Trevor inclinó la cabeza hacia atrás contra el cabecero, cerrando los ojos como un hombre que apela a poderes superiores. —Windstone… —comenzó, en voz baja y de advertencia.
—…No interrumpiría de otro modo —añadió rápidamente el hombre mayor, aunque había un destello de humor seco en su voz a pesar de su impecable compostura—. Pero si desea ignorarlo, sugiero que lo haga con un uniforme formal. Las cámaras estarán esperando.
Lucas se enderezó, todavía a horcajadas sobre el regazo de Trevor, su cabello despeinado y labios entreabiertos por los momentos anteriores, los ojos abiertos con incredulidad. —Dax es un bastardo mezquino.
Las manos de Trevor se tensaron instintivamente en las caderas de Lucas, la comisura de su boca elevándose en algo oscuro y divertido a pesar de la situación.

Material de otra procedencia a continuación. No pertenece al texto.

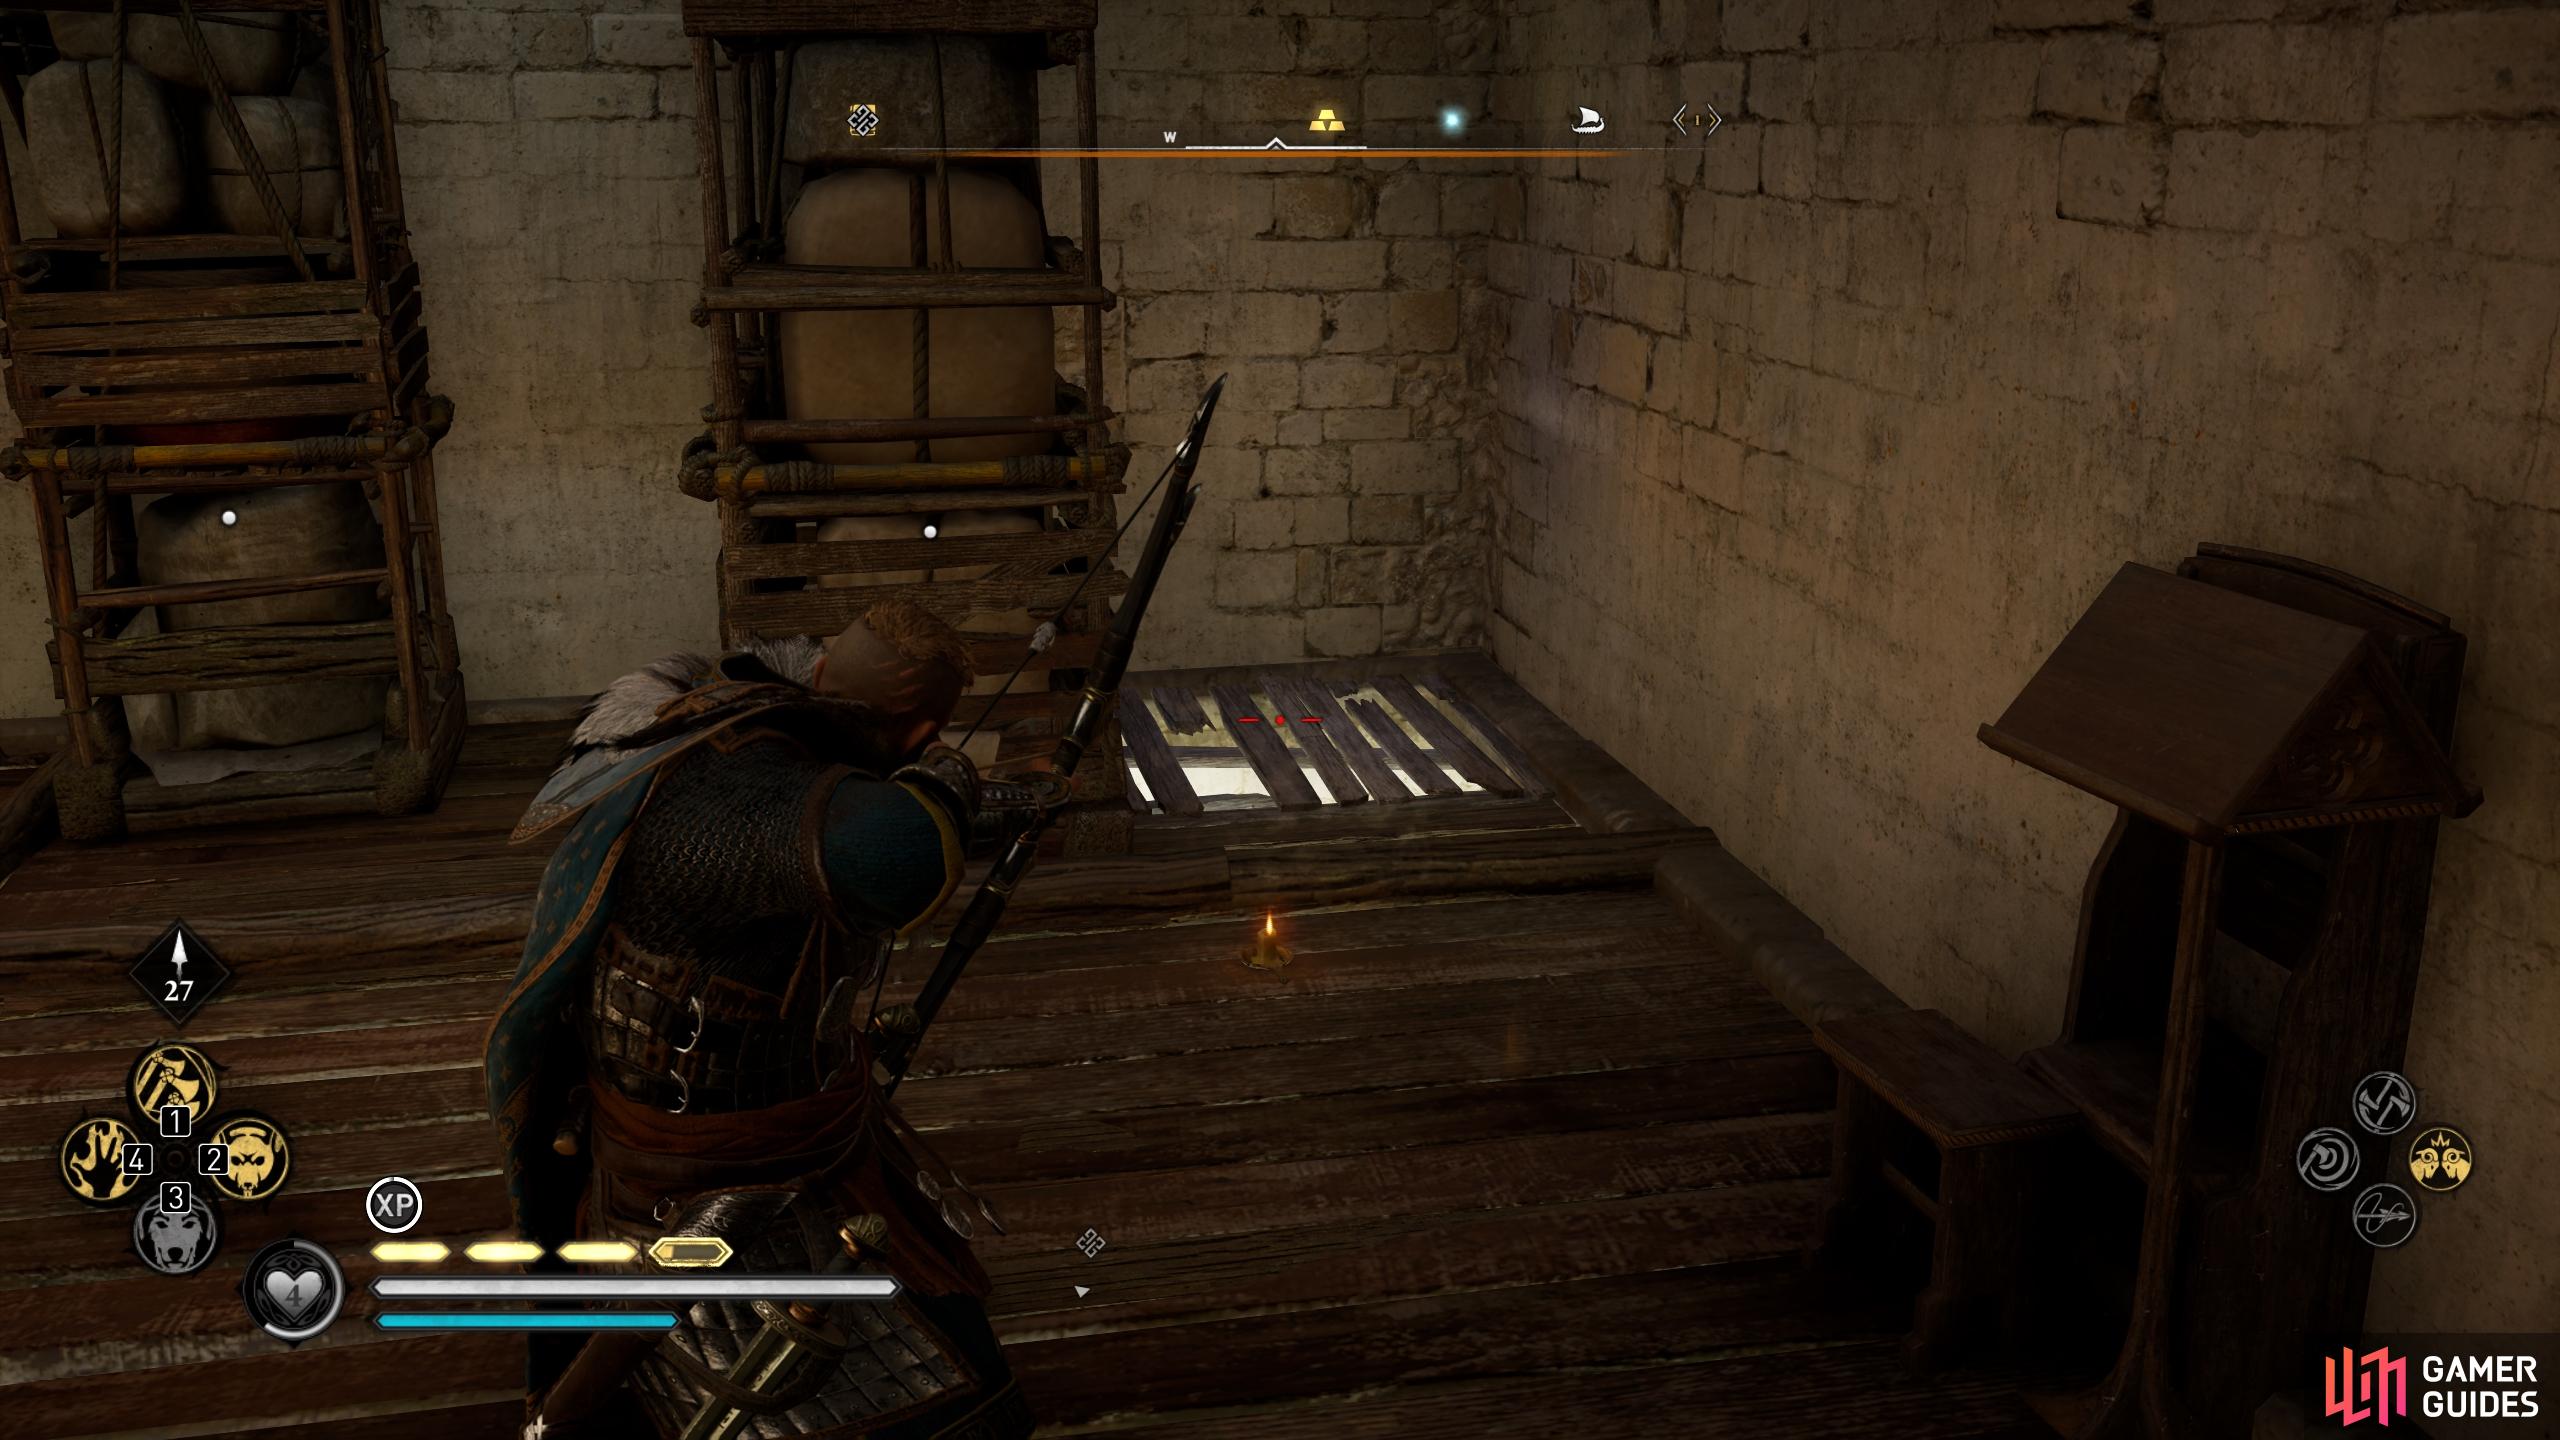 In the first hidden room, you'll find some barricades in the northwestern part of it. Move these to shoot another wooden barrier beneath them.

—Mmm —retumbó, su voz aún baja y bordeada con el calor que aún no se había desvanecido—. Esa es la primera cosa verdadera que has dicho esta mañana.
Lucas entrecerró sus ojos verdes, el rubor aún alto en sus mejillas mientras pinchaba ligeramente el pecho de Trevor con un dedo. —Lo está haciendo a propósito. ¿Una llegada pública? ¿Asegurándose de que la prensa esté allí? Quiere que me sienta incómodo, que tú te sientas incómodo.
La mirada oscura como la tormenta de Trevor sostuvo la suya, tranquila y afilada como una hoja. —Quiere atención. Eso es todo lo que Dax siempre ha querido.